§ Supplied material

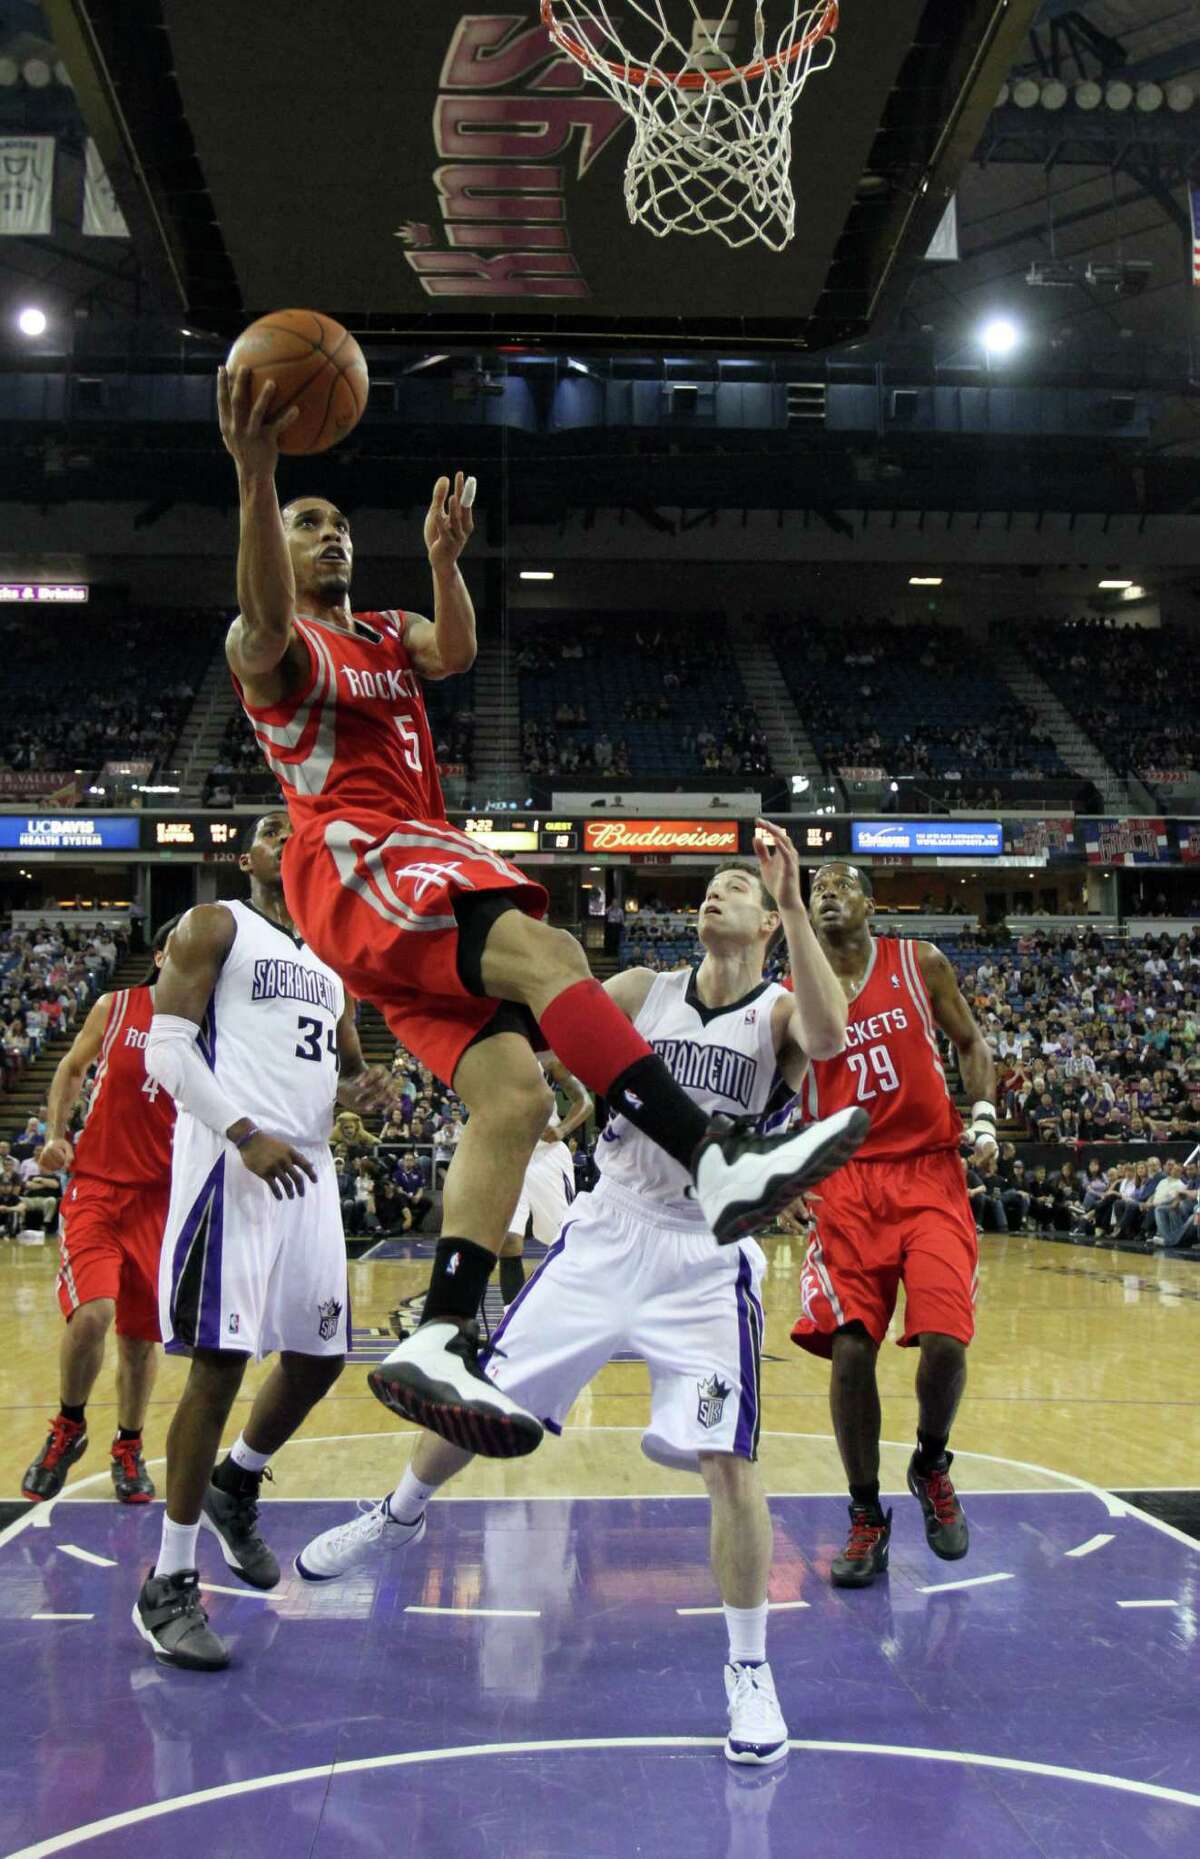 Houston Rockets guard Courtney Lee, left, goes to the basket against Sacramento Kings guard Jimmer Fredette, right, during the first quarter of an NBA basketball game in Sacramento, Calif., Sunday, April 8, 2012.(AP Photo/Rich Pedroncelli)
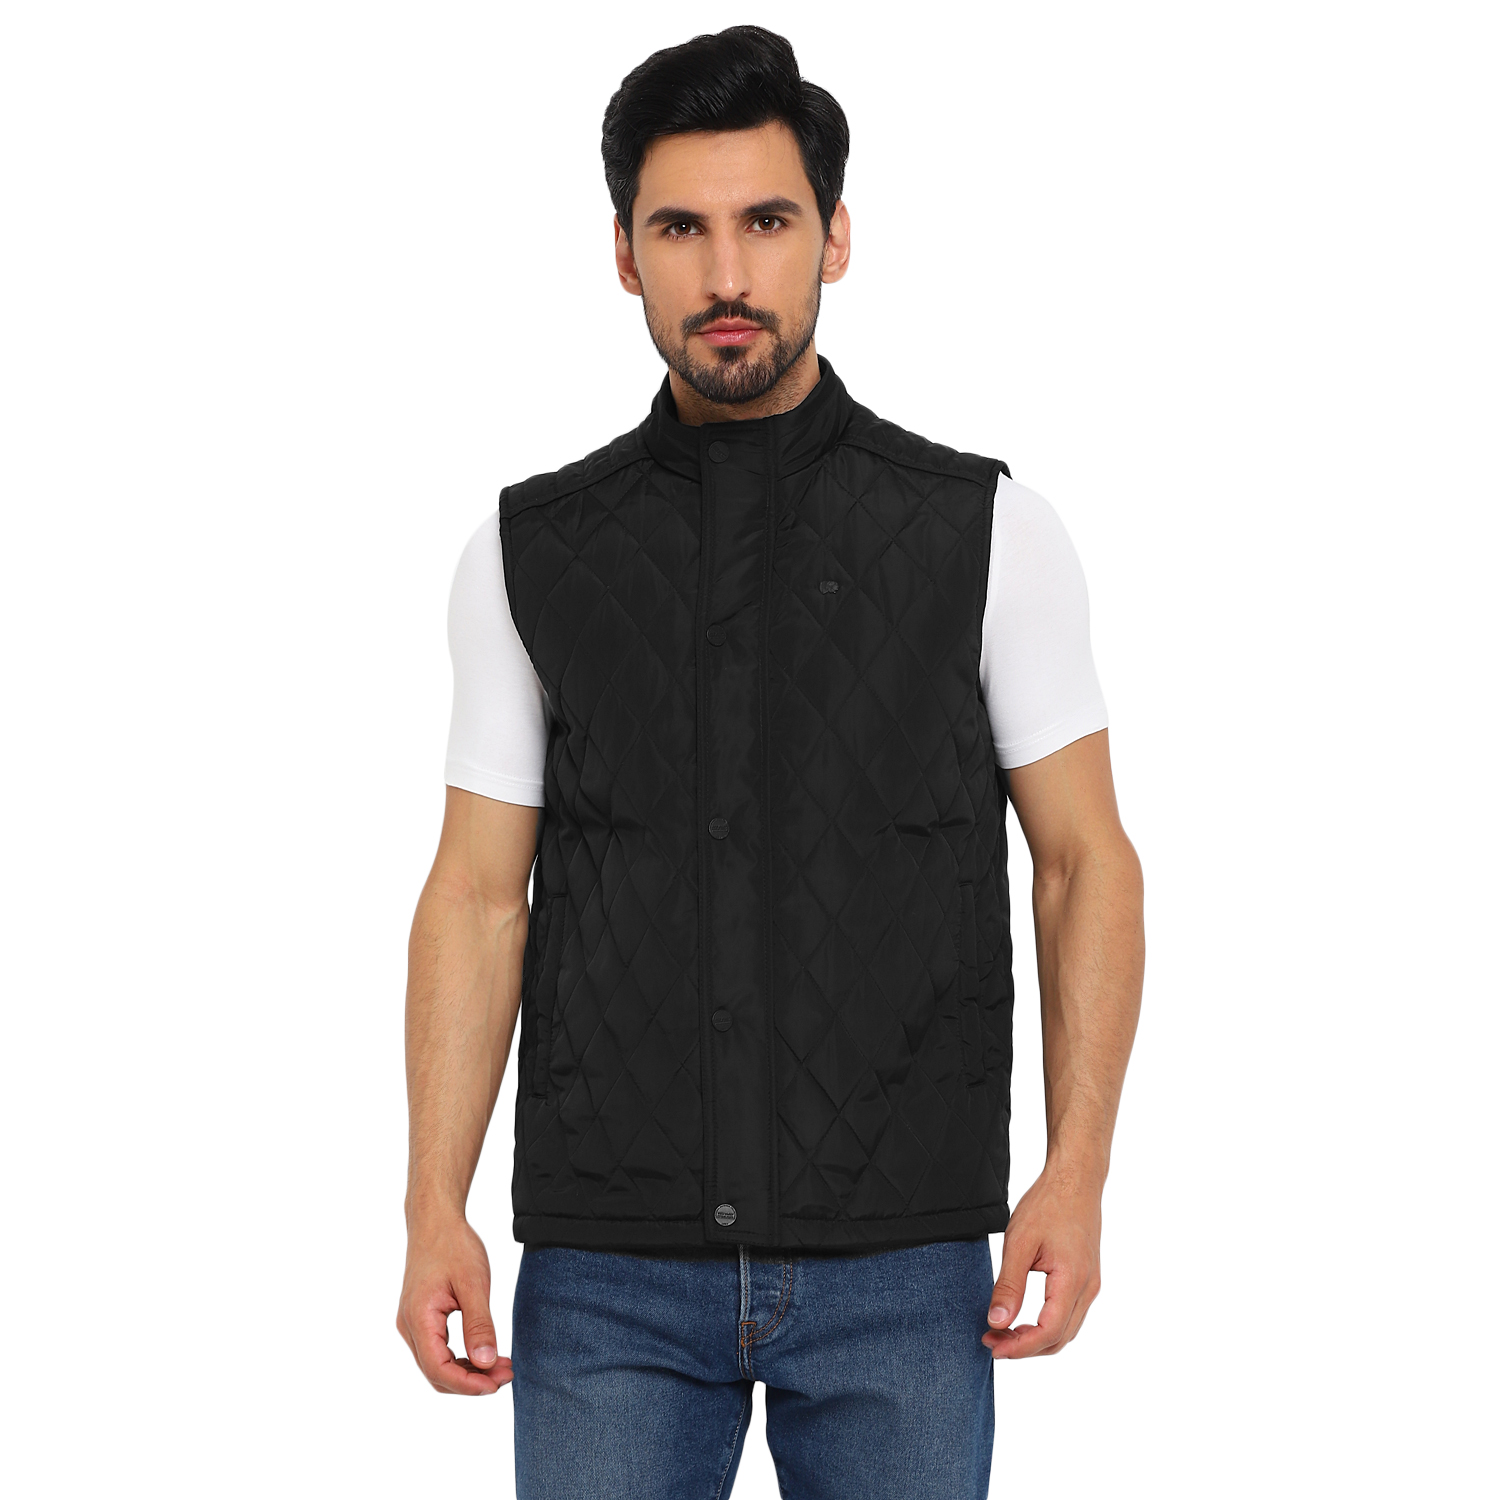 Redchief Black Solid Casual Sleeveless Jacket For Men
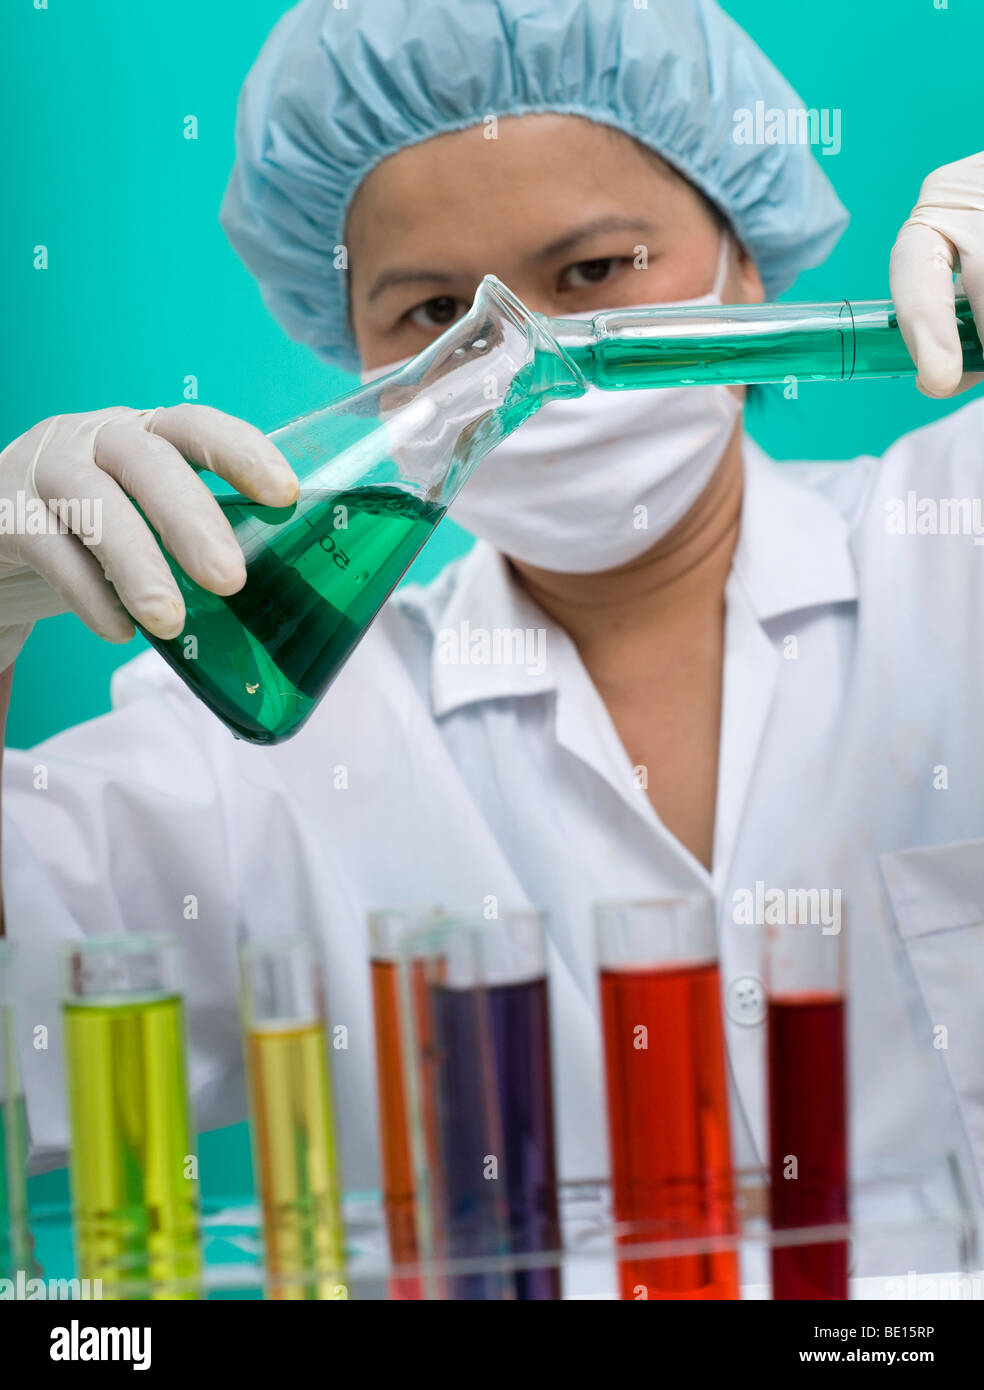 Asian woman working in a medical lab Stock Photo

§ Action item
Restate word for word, please, the line containing "Redchief Black Solid" and all lines after it through the end of the material; the pictures do not belong in the copy.

§ Response
 Redchief Black Solid Casual Sleeveless Jacket For Men
 Asian woman working in a medical lab Stock Photo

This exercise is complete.